Log Line: In the 1950s, a troubled visionary’s search for true happiness spirals into a relentless parade of insanity when he decides it is his destiny to build Boozetown – a city where every hour is happy hour.
Synopsis: Inspired by a true story, Boozetown is a drama about how chasing dreams sometimes leads to disaster.
When Mel Johnson loses his innocence as well as his best friend, Charlie, to World War II, Mel sets out on a desperate search for the happy days that are now so far gone.

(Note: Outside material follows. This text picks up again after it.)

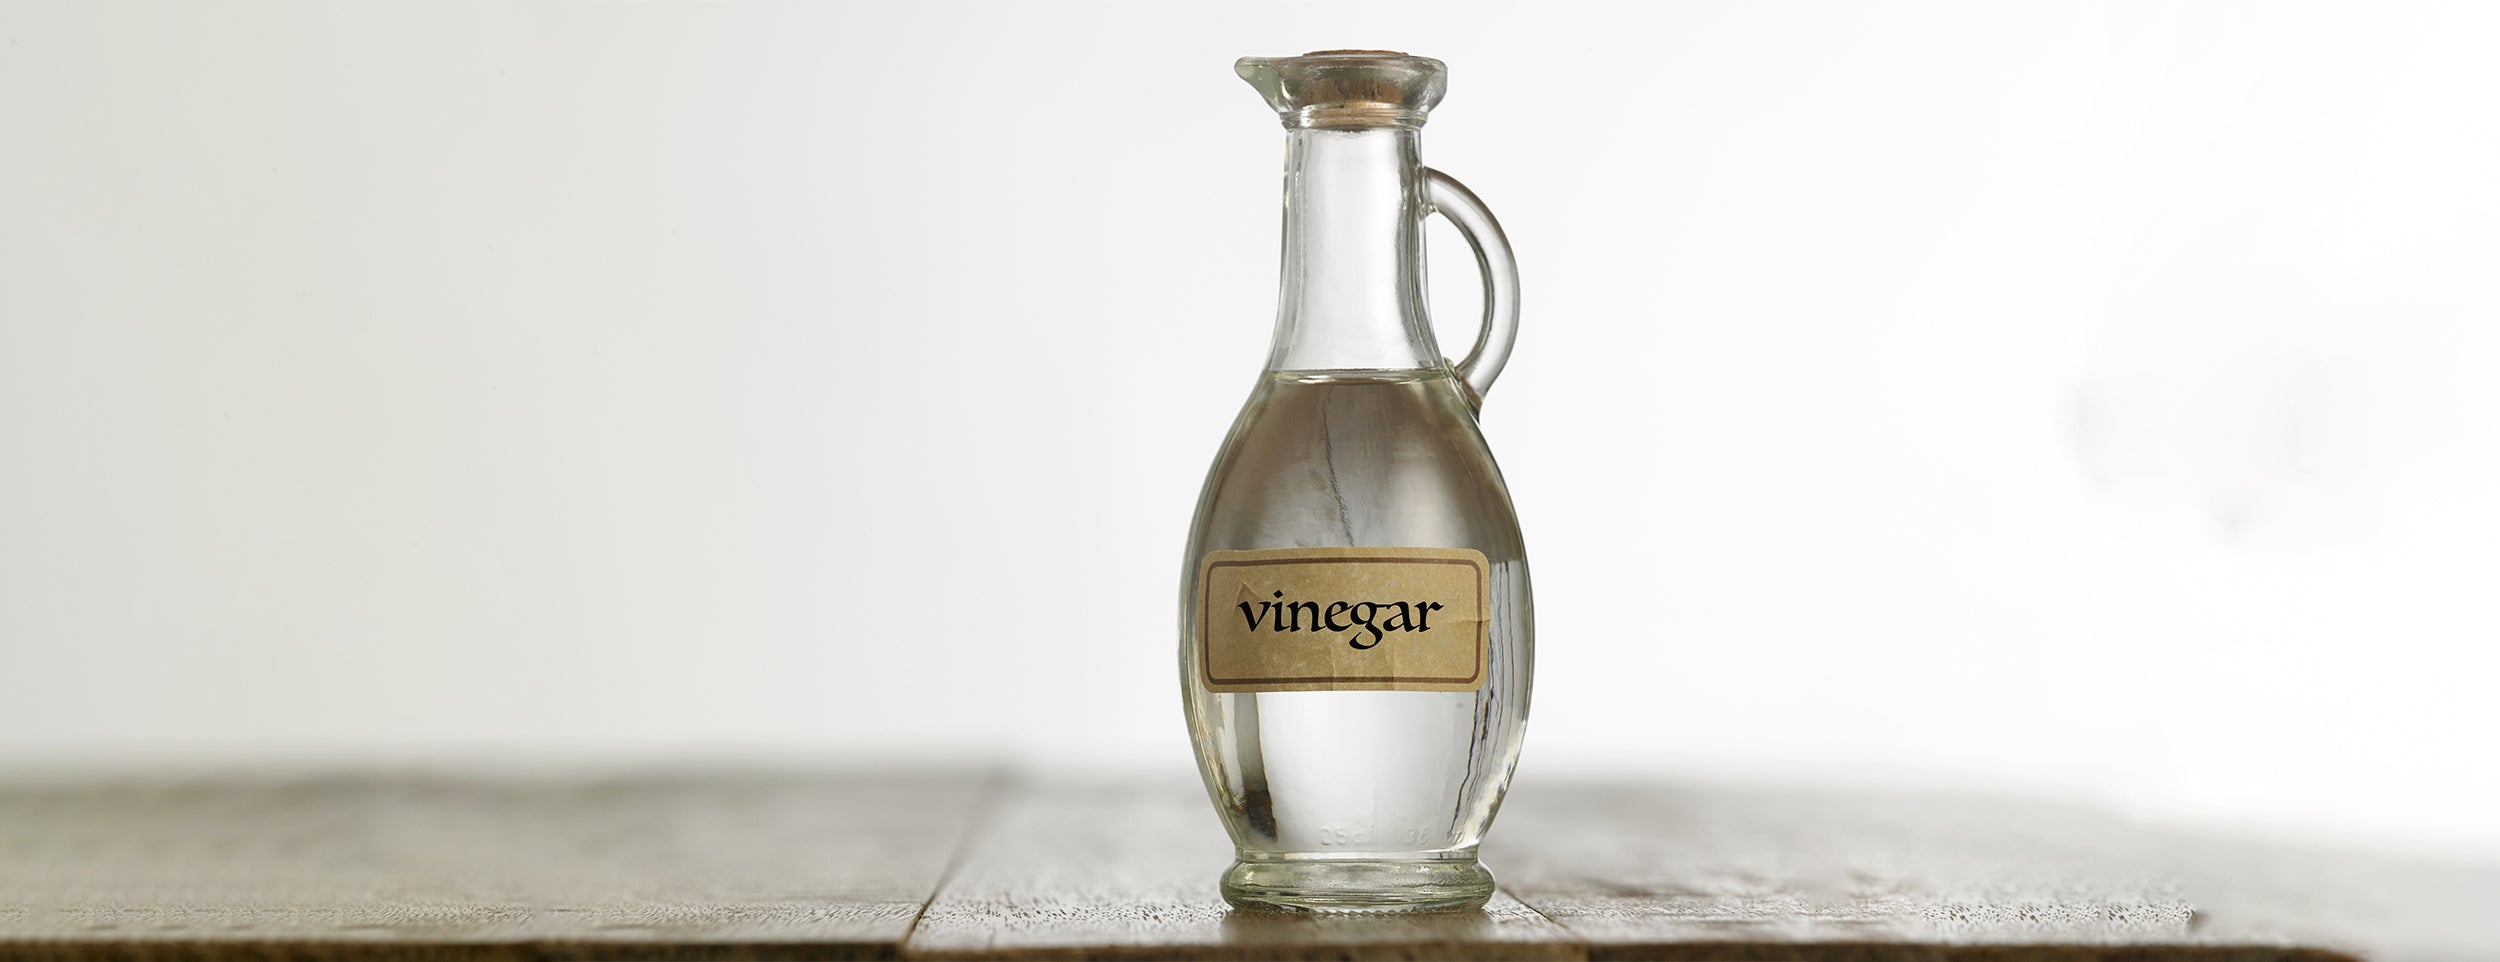 Alternative Remedies for Minor Burns with Vinegar
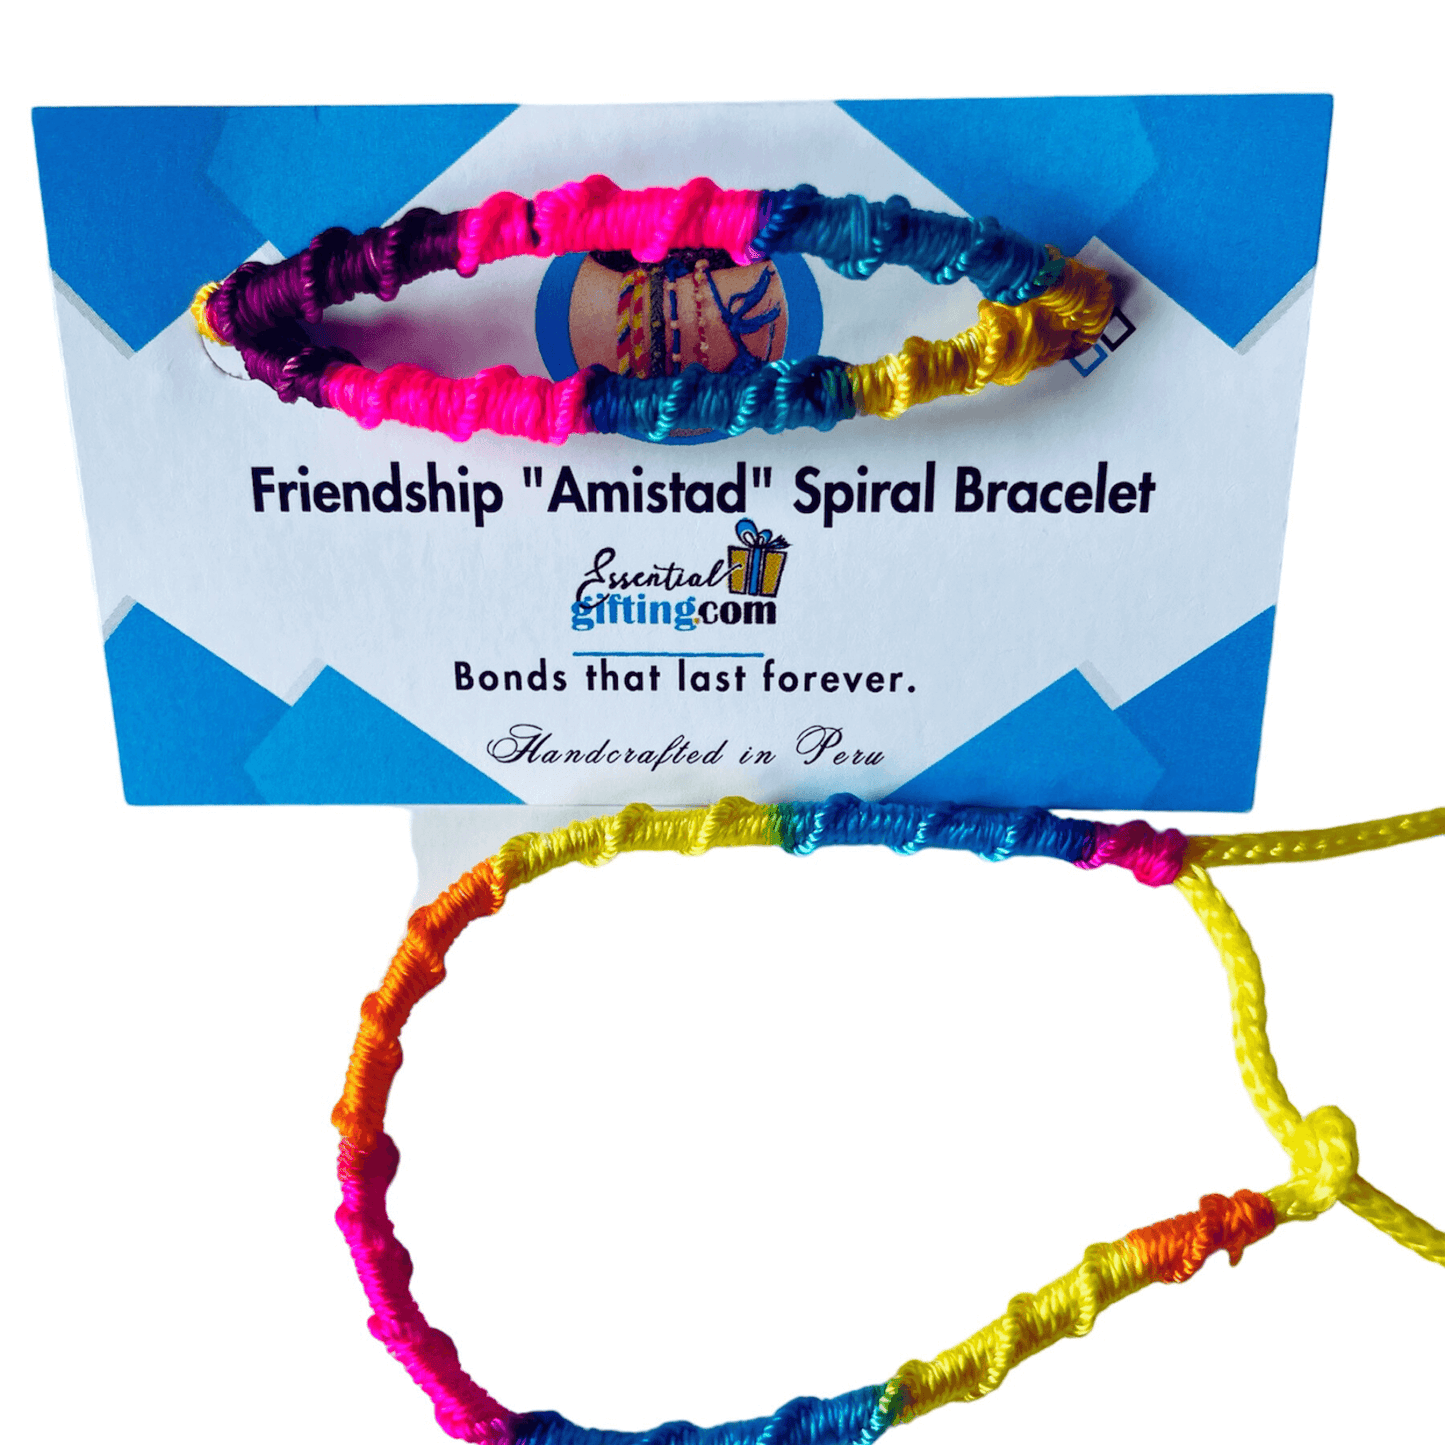 Colorful friendship bracelets for girls, an assortment of vibrant spiral woven bracelets on display.

After years of drunkenly stumbling all over the globe, Mel’s search leads him to the conclusion that there is no place where good times roll forever. When Mel is struck by a vision of a glittering city where booze is king and the party never ends, he makes it his life’s ambition to see it built. Where Vegas is the gambler’s Mecca. Boozetown is a drunkard’s paradise: “A city where the bars, clubs and liquor stores never close. Where the police force is there to help drunks, not hassle them. Where even the street names salute sweet mother booze: Gin Lane, Bourbon Boulevard and Scotch Street. An adult playground like no other.”*
Although the world greets Mel’s idea of a boozer’s paradise as crazy and utterly implausible, Mel becomes convinced that making Boozetown a reality is the only way he will ever achieve true happiness.
Mel’s plans are constantly thwarted at every turn by crazy millionaire investors, vicious mafia thugs, muckraking reporters and religious moralists as he pursues Boozetown with a monomaniacal fervor that leaves the rest of his life in its wake. When his fiancée, Rebecca, feels like her hope for building a future with Mel is taking a backseat to Boozetown, she leaves him and Mel descends deeper into paranoia. The dream of Boozetown slips farther and farther away until Mel eventually sacrifices love and future happiness for the promised salvation of a fantasy.
Alone and unstable, Mel freefalls headfirst into madness until he ultimately learns that his reality, much like Boozetown itself, is nothing more than a delusion.